Günümüzde geleneklerimizden,göreneklerimizden,törelerimizden uzaklaştığımız hepimizin malumudur.Bir çok şey belki unutulup gitmiştir.Unutulup giden şeylerde pek aramadıklarımız vardır.Ama küçüklerin büyüklerine olan saygısı,büyüklerin küçüklerine olan sevgisi azalınca bize has olmayan manzaralar ansızın kırlarda biten mantarlar gibi göze batıyor,hoş olmuyor malesef.Hepimiz dert yanarız”zamane gençleri,büyüklere saygısı yok”diye.En çok toplu taşıma araçlarında karşımıza çıkar bu durumlar.İhtiyar kadın erkek otobüse biner yer yoktur,oturmuş olan karış kadar çocuklar yer vermezler…

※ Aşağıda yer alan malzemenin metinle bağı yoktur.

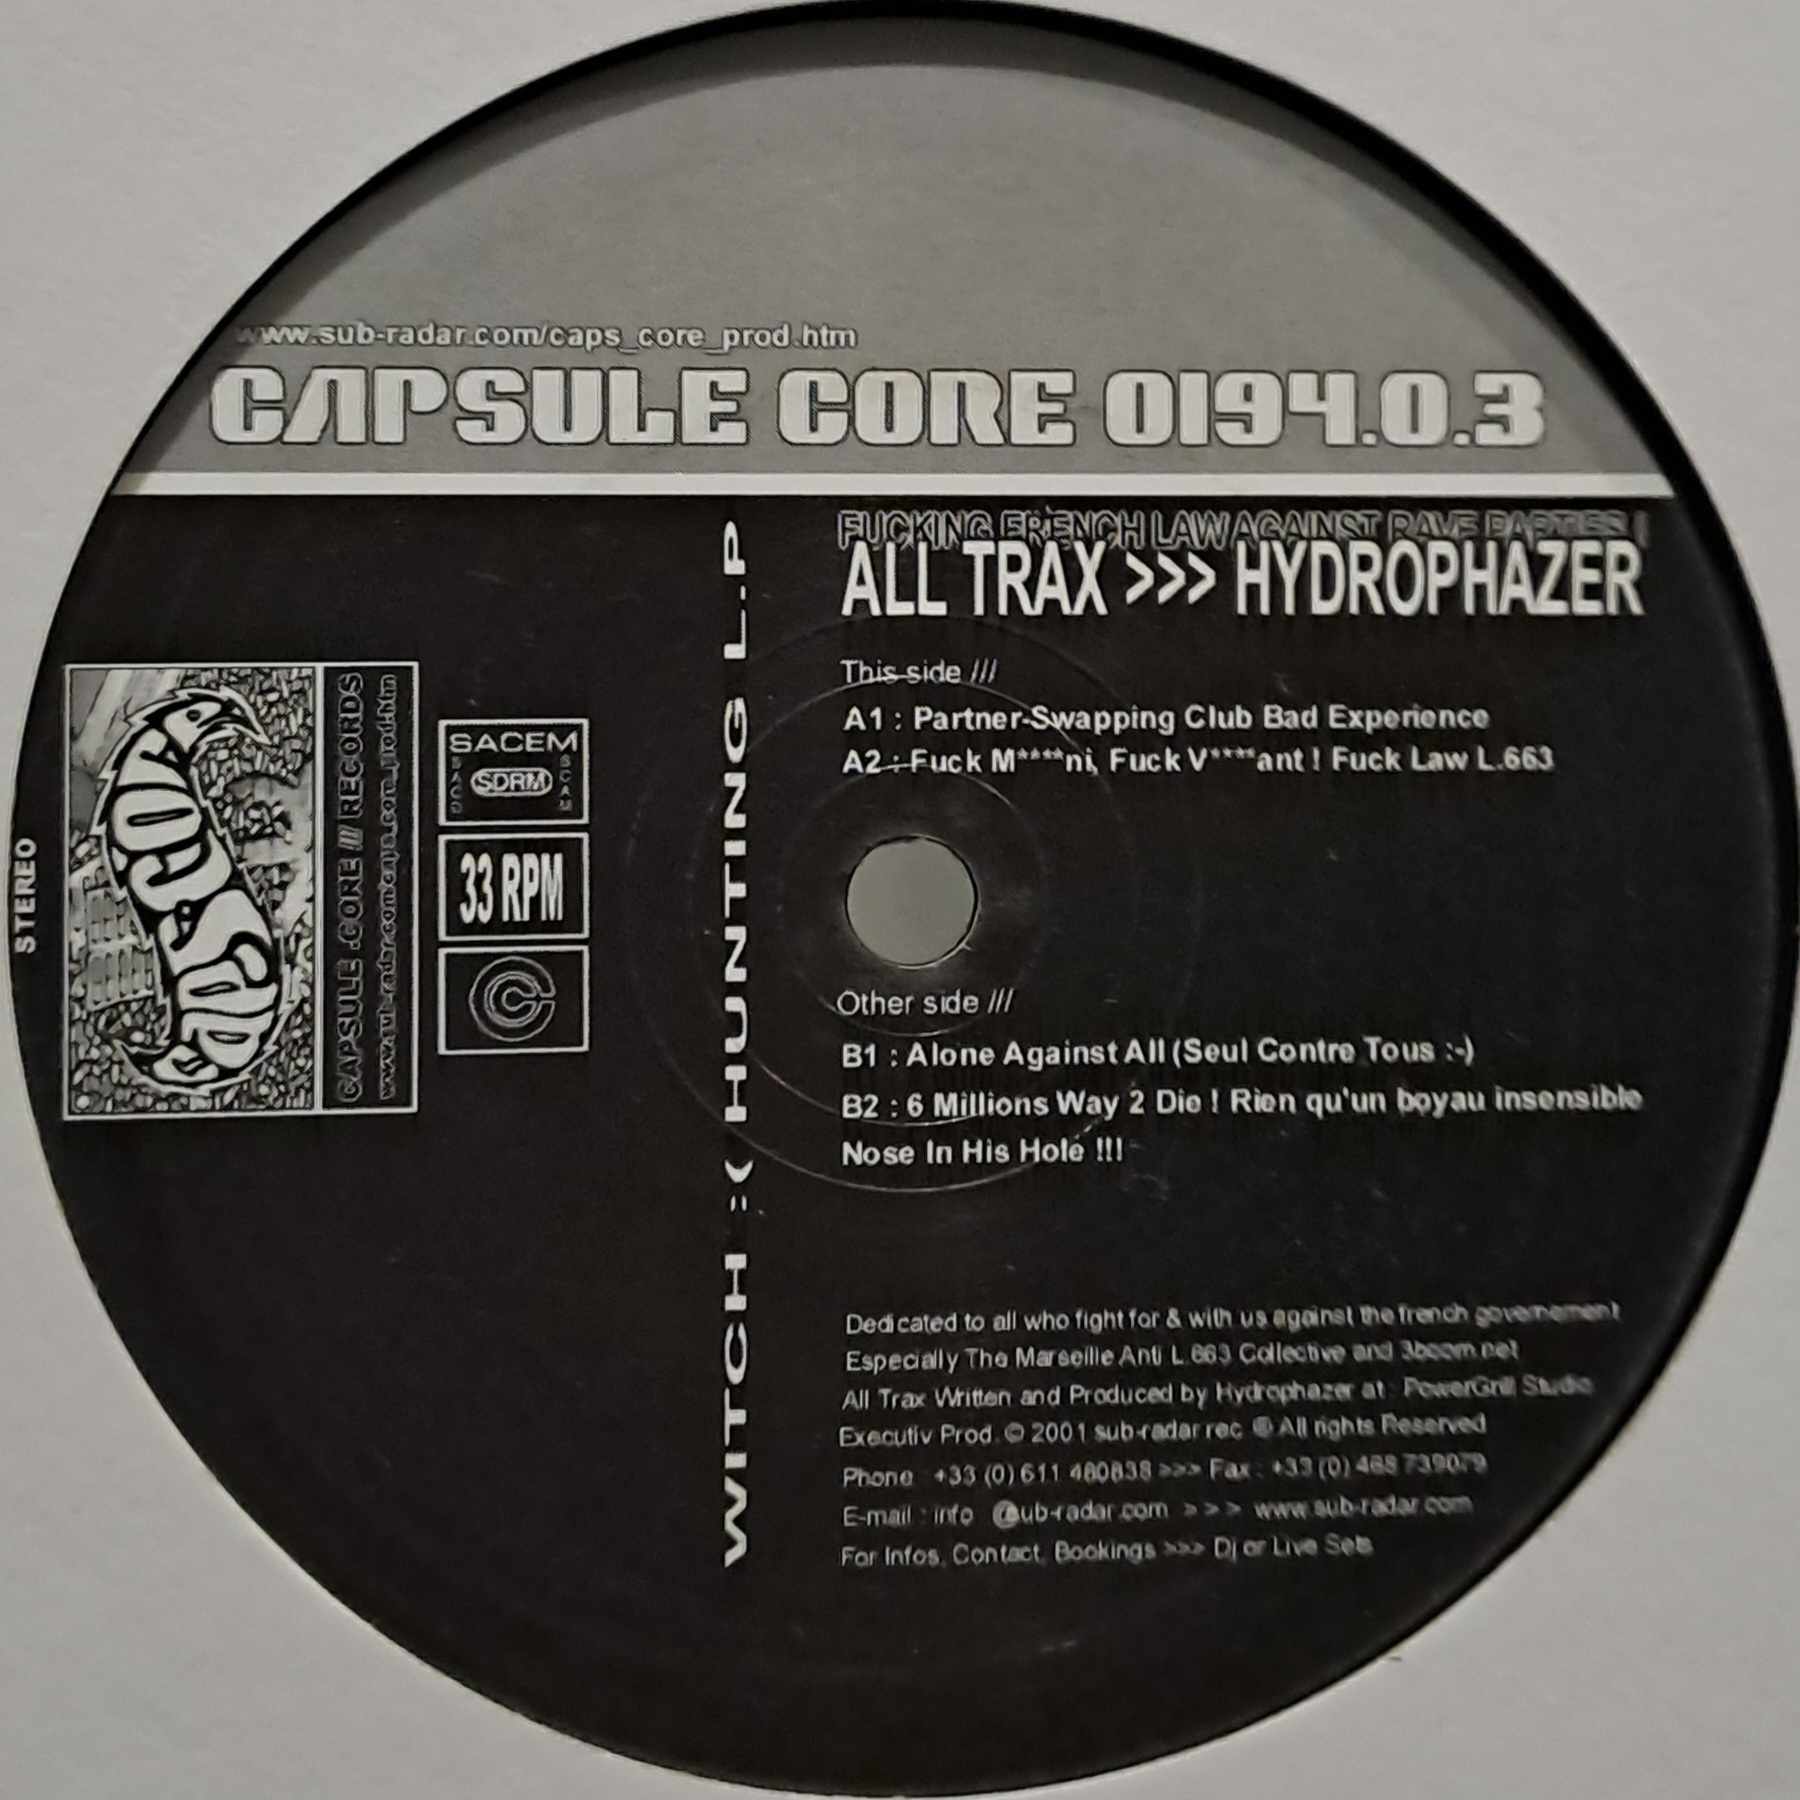 Capsule Core 03 - vinyle hardcore

Peki nedendir ? Kaç kişi evinde çocuklarına “aman ha büyükleinize saygılı olun” diye nasihat ediyor.kaç büyük kendinden yaşlılara hürmet ediyor.İğneyi kendimize batırmamızın zamanı gelmedimi ? Yaşlı insanların küçük çocuklardan saygı görmesi için hangi yatırımı yaptı ?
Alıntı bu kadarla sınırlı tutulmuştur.